What you will do >> The response should consist of every line below, restated exactly, with no pictures.

Given information >>

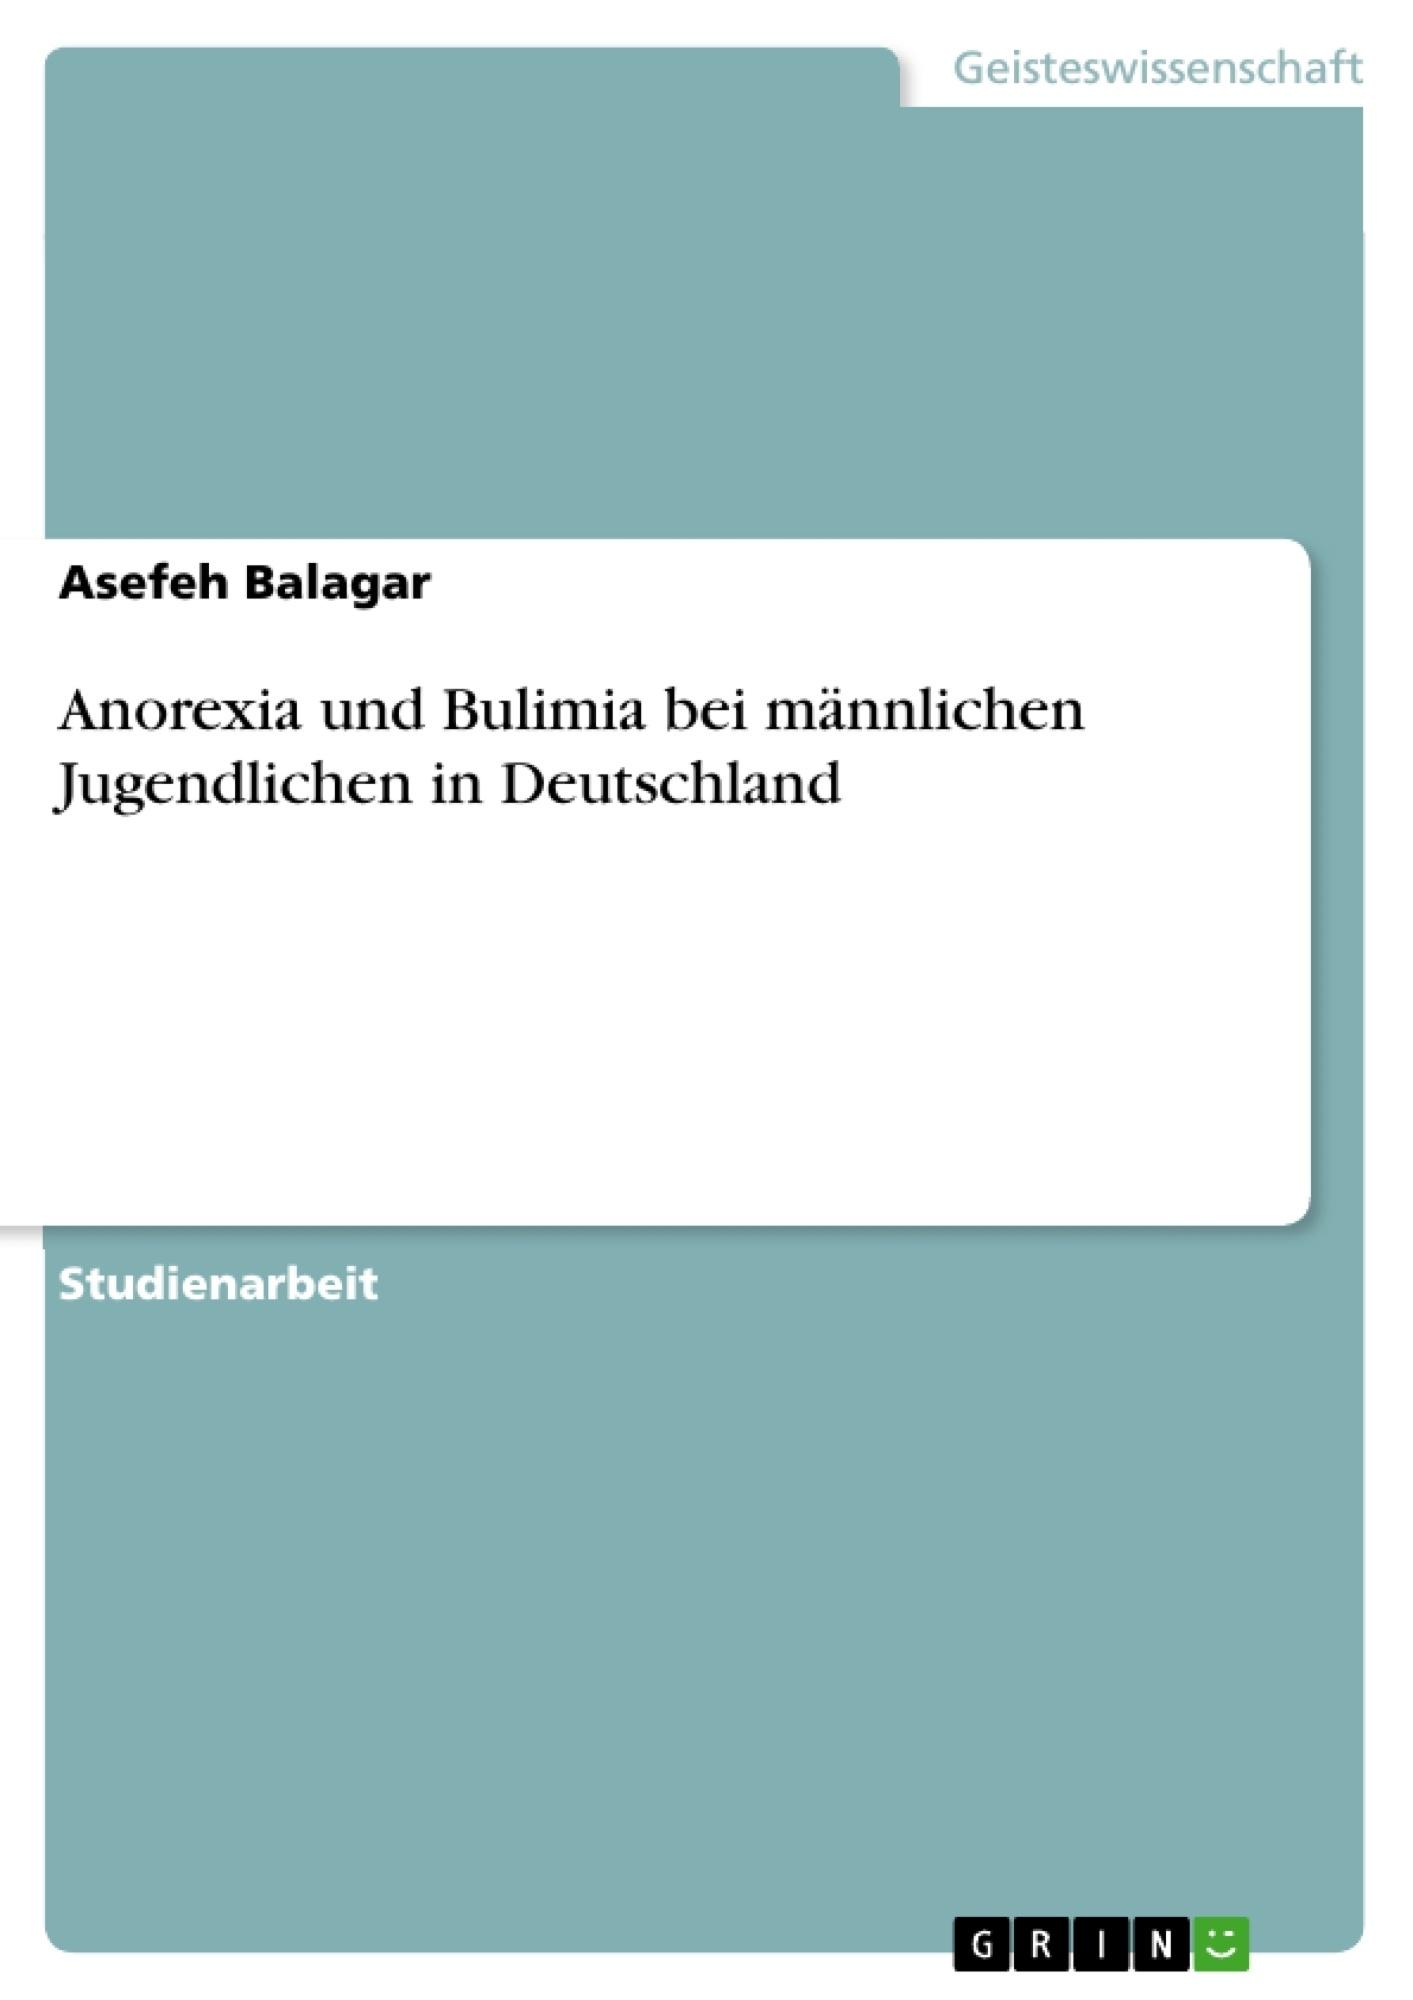 Titel: Anorexia und Bulimia bei männlichen Jugendlichen in Deutschland
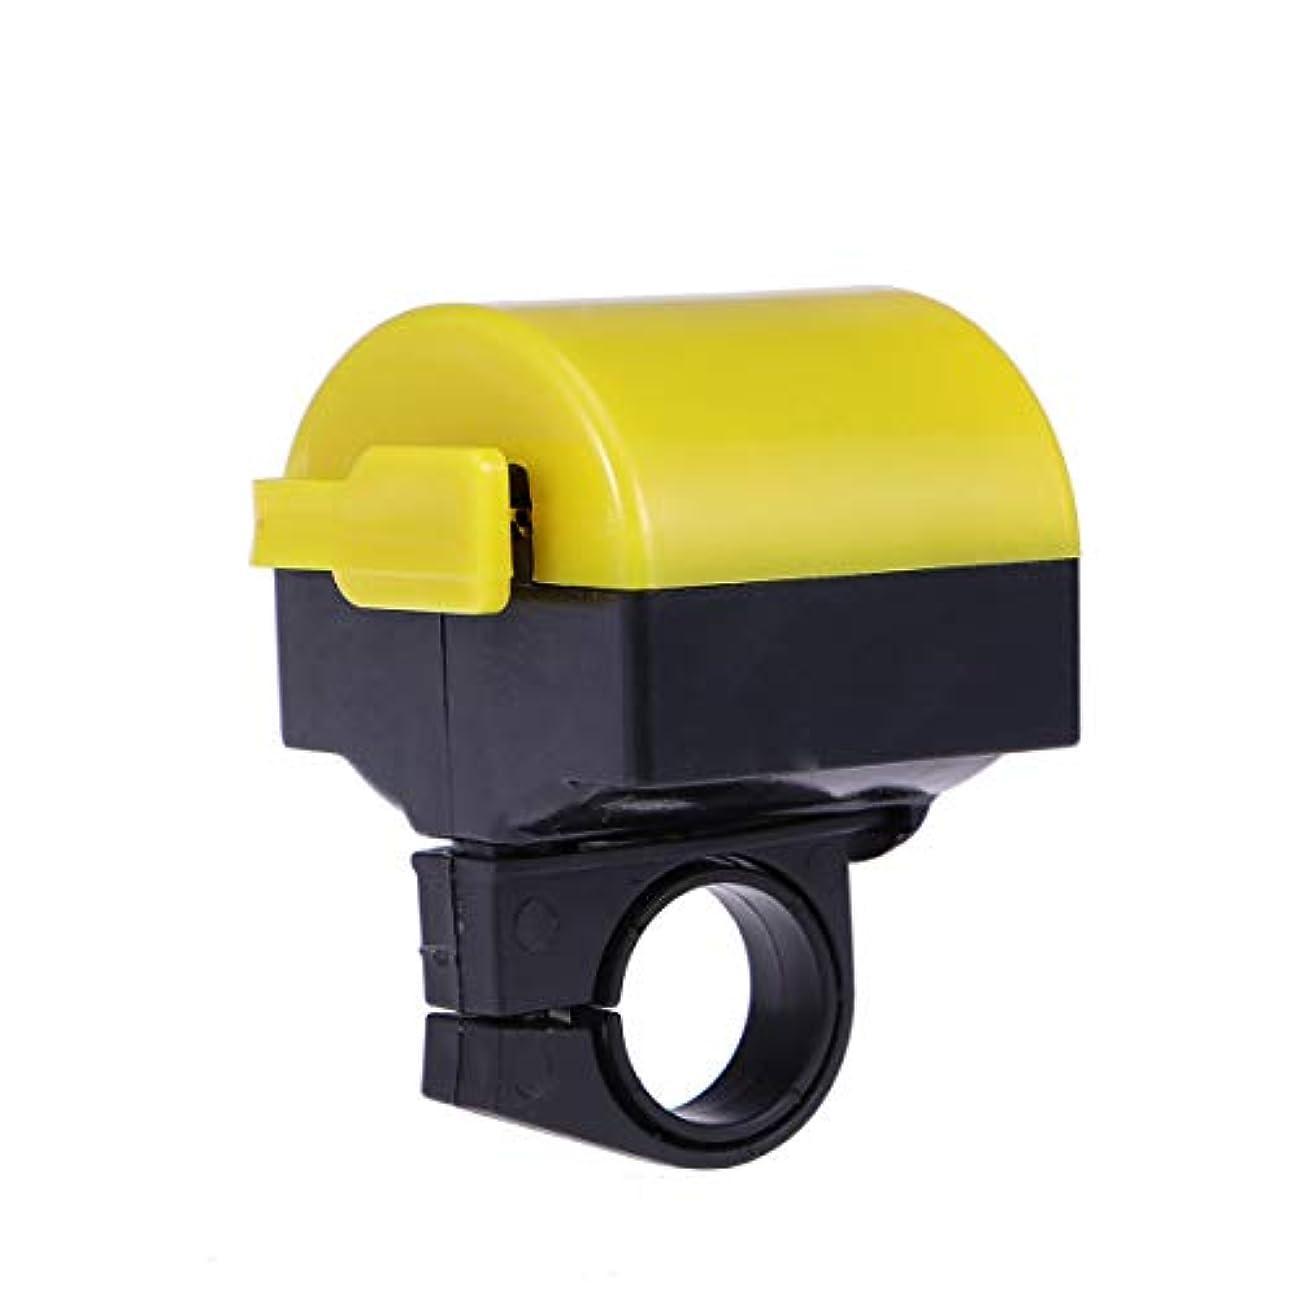 バウンス大砲闇LIOOBO 自転車ベル自転車ホーンサイクリングホーン90 DB自転車自転車ハンドルバーリング安全防水バッテリーなし(黄色)
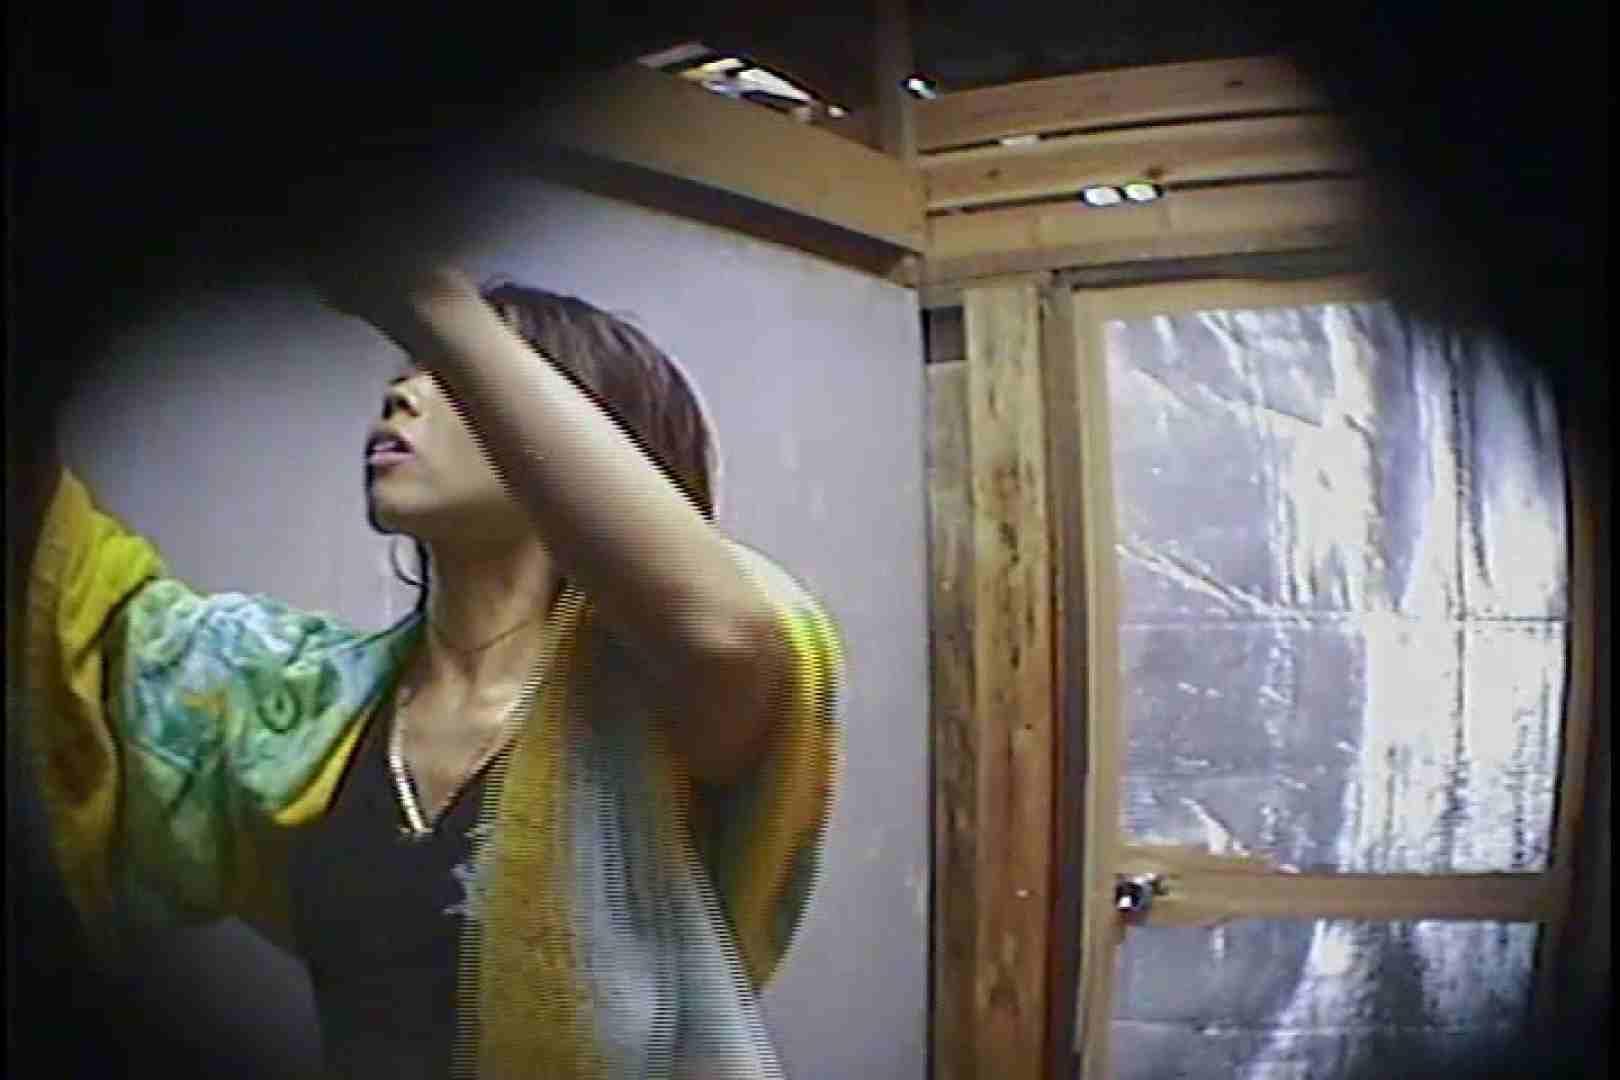 海の家の更衣室 Vol.45 シャワー中 | 美女達のヌード  64連発 16

Your response >>
 Titel: Anorexia und Bulimia bei männlichen Jugendlichen in Deutschland
 バウンス大砲闇LIOOBO 自転車ベル自転車ホーンサイクリングホーン90 DB自転車自転車ハンドルバーリング安全防水バッテリーなし(黄色)
 海の家の更衣室 Vol.45 シャワー中 | 美女達のヌード  64連発 16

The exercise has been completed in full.